Campbell leaned forward. “But I know that every year about this time the Brotherhood come from all over the world and gather at some secret center here in England. And every year, before that gathering, scores of people are kidnapped and never heard of again. I believe that all those people are kidnapped by this mysterious Brotherhood.”
“But what becomes of the people they kidnap?” cried the pale young American. “What do they do with them?”
* * * *
Inspector Campbell’s bright brown eyes showed a hint of hooded horror, yet he shook his head. “I know no more than you. But whatever they do to the victims, they are never heard of again.”
“But you must know something more!” Ennis protested. “What is this Door?”
Campbell again shook his head. “That too I don’t know, but whatever it is, the Door is utterly sacred to the members of the Brotherhood, and whomever they mean by They Beyond the Door, they dread and venerate to the utmost.”
“Where leads the Door? It leads outside our world,” repeated Ennis. “What can that mean?”
“It might have a symbolic meaning, referring to some secluded fastness of the order which is away from the rest of the world,” the inspector said. “Or it might—”
He stopped. “Or it might what?” pressed Ennis, his pale face thrust forward.
“It might mean, literally, that the Door leads outside our world and universe,” finished the inspector.
Ennis’ haunted eyes stared. “You mean that this Door might somehow lead into another universe? But that’s impossible!”
“Perhaps unlikely,” Campbell said quietly, “but not impossible. Modern science has taught us that there are other universes than the one we live in, universes congruent and coincident with our own in space and time, yet separated from our own by the impassable barrier of totally different dimensions. It is not entirely impossible that a greater science than ours might find a way to pierce that barrier between our universe and one of those outside ones, that a Door should be opened from ours into one of those others in the infinite outside.”
“A door into the infinite outside,” repeated Ennis broodingly, looking past the inspector.
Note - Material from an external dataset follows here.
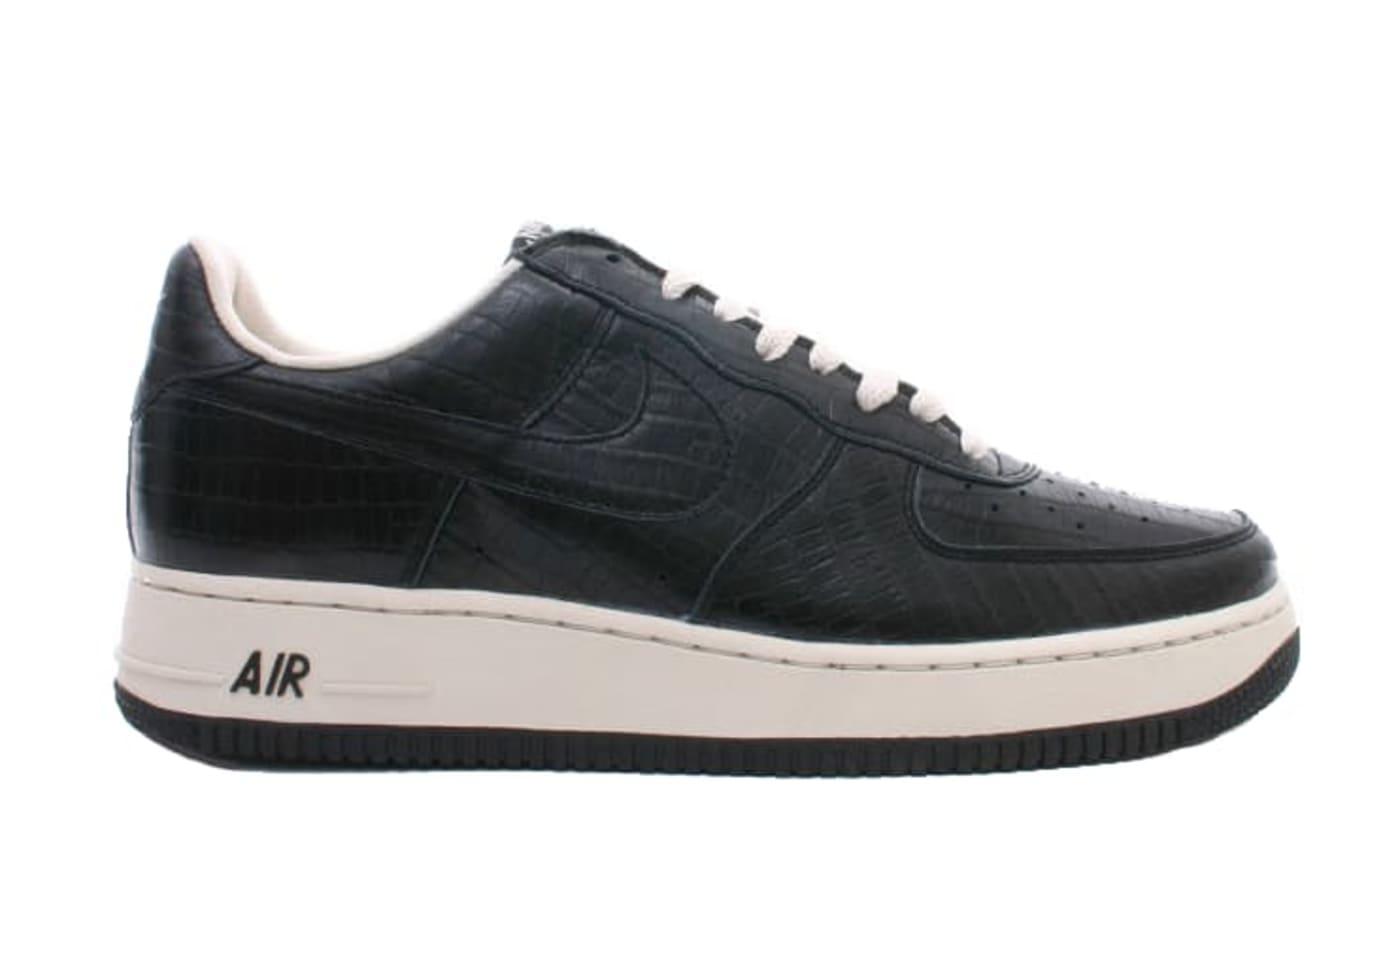 Nike Air Force 1 HTM

Then he made a sudden movement of wild impatience, the dread leaping back strong in his eyes again.
“Oh, what good is all this talk about Doors and infinite universes doing in finding Ruth? I want to do something! If you think this mysterious Brotherhood has taken her, you must surely have some idea of how we can get her back from them? You must know something more about them than you’ve told.”
“I don’t know anything more certainly, but I’ve certain suspicions that amount to convictions,” Inspector Campbell said. “I’ve been working on this Brotherhood for many years, and block after block I’ve narrowed down to the place I think the order’s local center, the London headquarters of the Brotherhood of the Door.”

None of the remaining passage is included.